A processed food is one that has undergone changes to its natural state. In other words, any agricultural product subject to cutting, heating, pasteurizing, freezing, or a procedure that alter its state- including the addition of preservatives, flavors, additives such as sugar, salt, fats and so forth. In many ways, processing can be beneficial. Techniques including cooking and drying destroy harmful bacteria. Processing of dried beans into a can, will increase their shelf-life and this does not make them an unhealthy food choice. Fortification of foods with vitamins and minerals such as iron in infant cereal or vitamin D in milk can help prevent deficiencies. We all have at least a handful of processed items in our kitchen pantry. Minimally processed foods are practical, quick and easy tools to use for a healthy well balanced diet.
So where is all the fuss?
Well……….Not all processing is created equal.
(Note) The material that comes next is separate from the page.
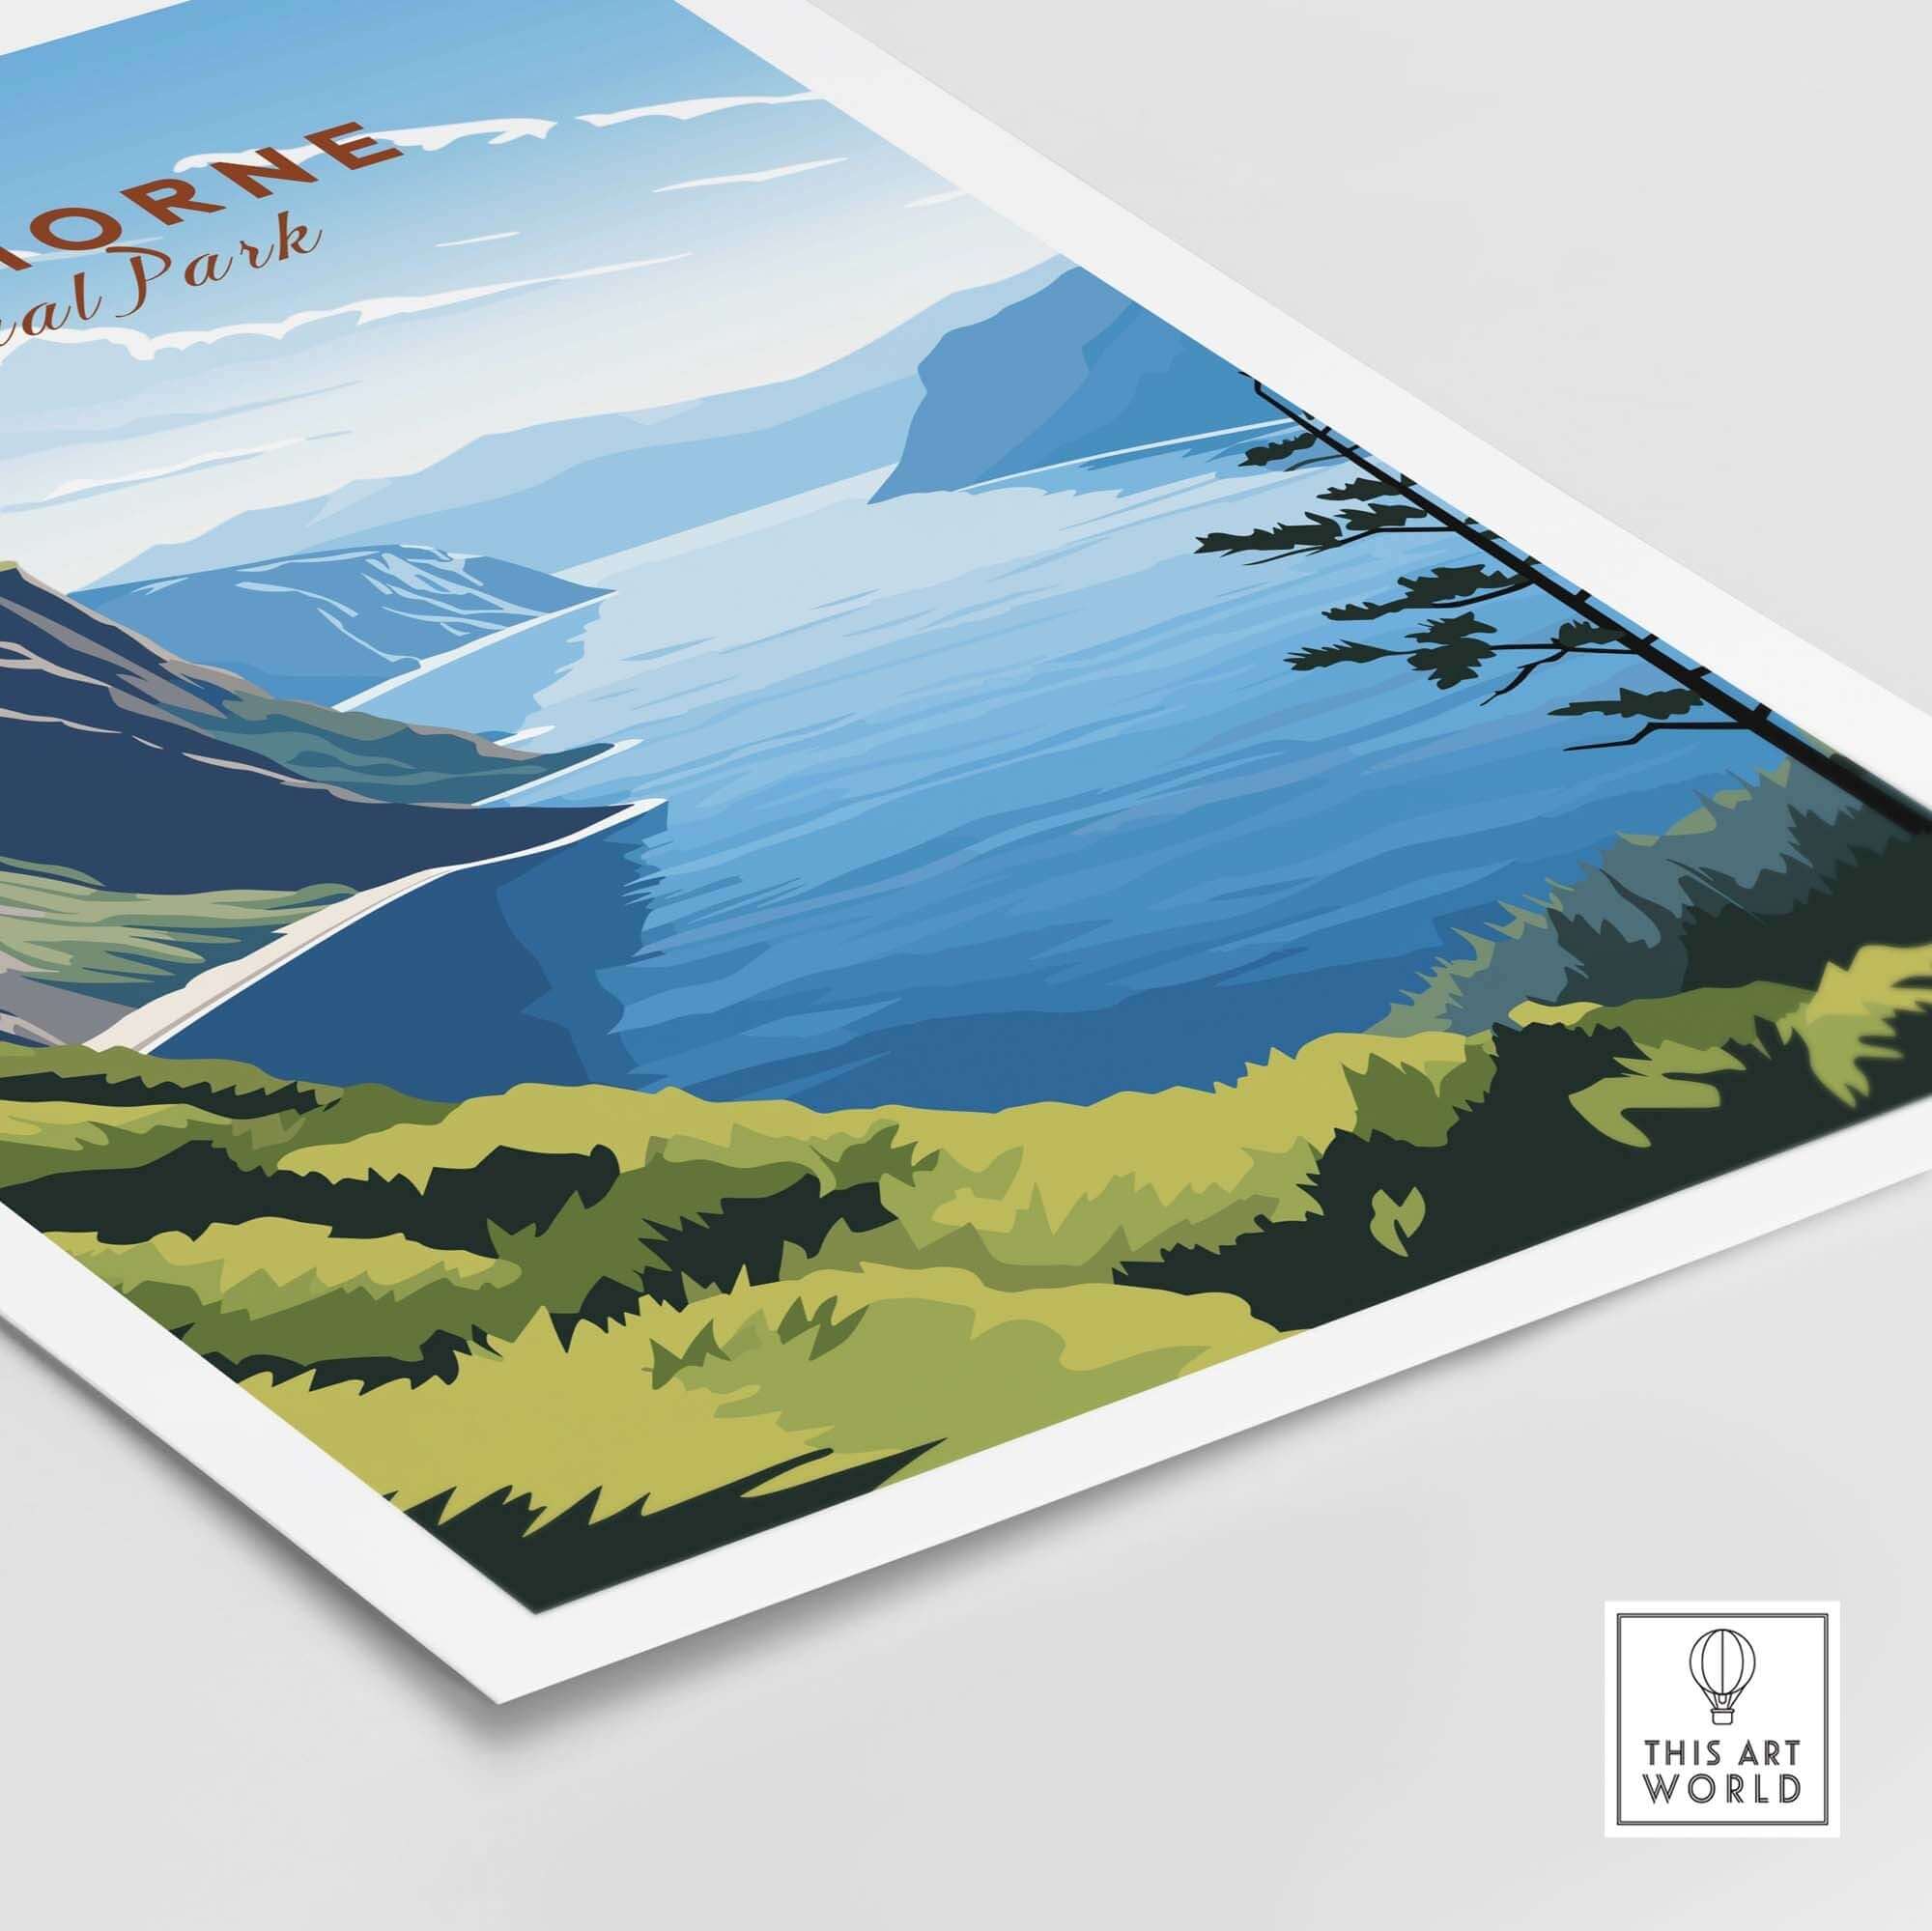 Gros Morne Poster National Park

Processing and ultra-processing also involves adding sugars, salts, artificial ingredients, unhealthy fats and leads to lower nutrient content, low fiber, and health detriments. Some of the most common examples of such are artificial sweeteners such as high fructose corn syrup, maltodextrin, hydrogenated oils, bulking or foaming agents and flavor enhancers such as monosodium glutamate and artificial coloring. Ultra-processing of foods increase their taste, palatability & blunt sensory specific signaling occurring in our bodies that indicate satiety. Have you ever been able to have just one chip? Ever notice some foods make you want more? The combination of certain ingredients can lead to increased caloric consumption and are associated with increased risks of obesity, diabetes & heart disease.
In summary, nearly all foods have some degree of processing and not all processing is created equal. Understanding the spectrum of processing and paying attention to the ingredients in any food product is key to identifying the healthy vs unhealthy options for a whole nutritious diet and optimal health. Remember to always read your ingredient lists. Look out for hidden sugars, salt. Make sure you can recognize all listed words. In general, less is more. If the ingredient list looks like a school essay, it’s more likely that it is highly processed. Make sure to take advantage of those minimally processed foods that are practical tools for healthy nutritious meals.